The bad news: Sixteen-year-olds are three times more likely to die in car crashes than people who have been on the road only a few more years.

The good news: They're almost two and a half times less likely to die in crashes than people the same ages were 20 years ago.

We've made good progress over the years in terms of making the roads safer, especially for younger drivers, but there's still a way to go, experts say, and summer is the most dangerous time for teens on the road.

Less supervision: One reason for the added danger in the summer is young drivers are often under less supervision than they are during the school year, said Felicity Erni, who's in charge of the PA Teen Safe Driving Coalition and Students Against Destructive Decisions.

Teens have more free time then, and they often drive around with multiple passengers, which makes it more likely they'll crash, she said.

Parents should keep in mind that they've been setting an example of how kids should drive for the children's whole lives, Erni said.

"Parents really have a large influence on all of these things happening," Erni said. "From the time you switch from backward-facing car seats to forward-facing car seats, the kids are watching what the parents are doing while driving."

And then once the kids are driving, it's important to keep on top of them to drive safely, especially during the summer.

"Parents are the key," she said.

The Insurance Institute for Highway Safety suggests one reason for the higher rates of accidents among younger people is teens' overestimation of their own driving abilities. Both age and experience have a big effect on the crash rate for drivers, it says.

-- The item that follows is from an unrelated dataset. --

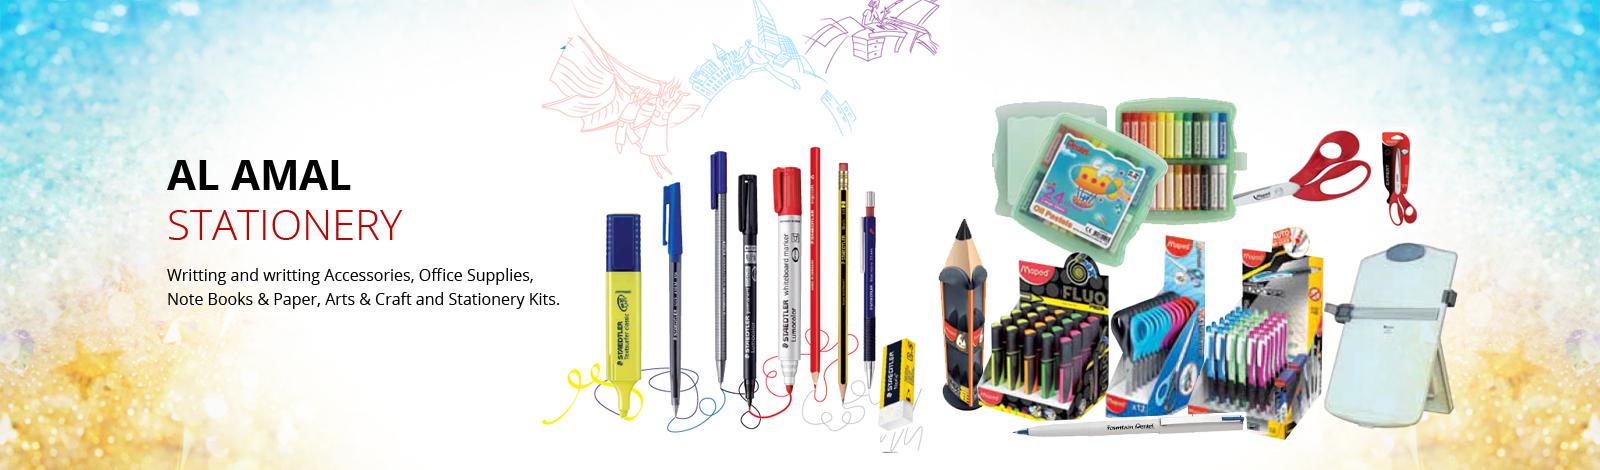 Best Office Stationery Suppliers In Dubai Abu Dhabi Uae 1 Equipment Online

Data shows 62 percent of 16-year-olds' crashes result from driver error; the number drops into the high and then mid-50s over the next few years, and it is 40 percent for drivers age 30-59.

Licensing: So it might make sense that Erni cites graduated-driver licensing as one big reason for the fact that teens are crashing less. That phrase refers to the fact that these days kids have restrictions placed on them after they first get their licenses.

In Pennsylvania, new drivers can't drive more than one passenger at a time for six months.

She also credits the fact that in 2011 the state requirements jumped from 50 hours to 65 hours of supervised driving before a new driver can get a license.

The adage holds especially true here: Practice really does make perfect, and Erni said, it's very important that parents make sure that happens, both before the they get their licenses and after.

"Let your teen be your driver," she suggests. "Continue the driving learning experience."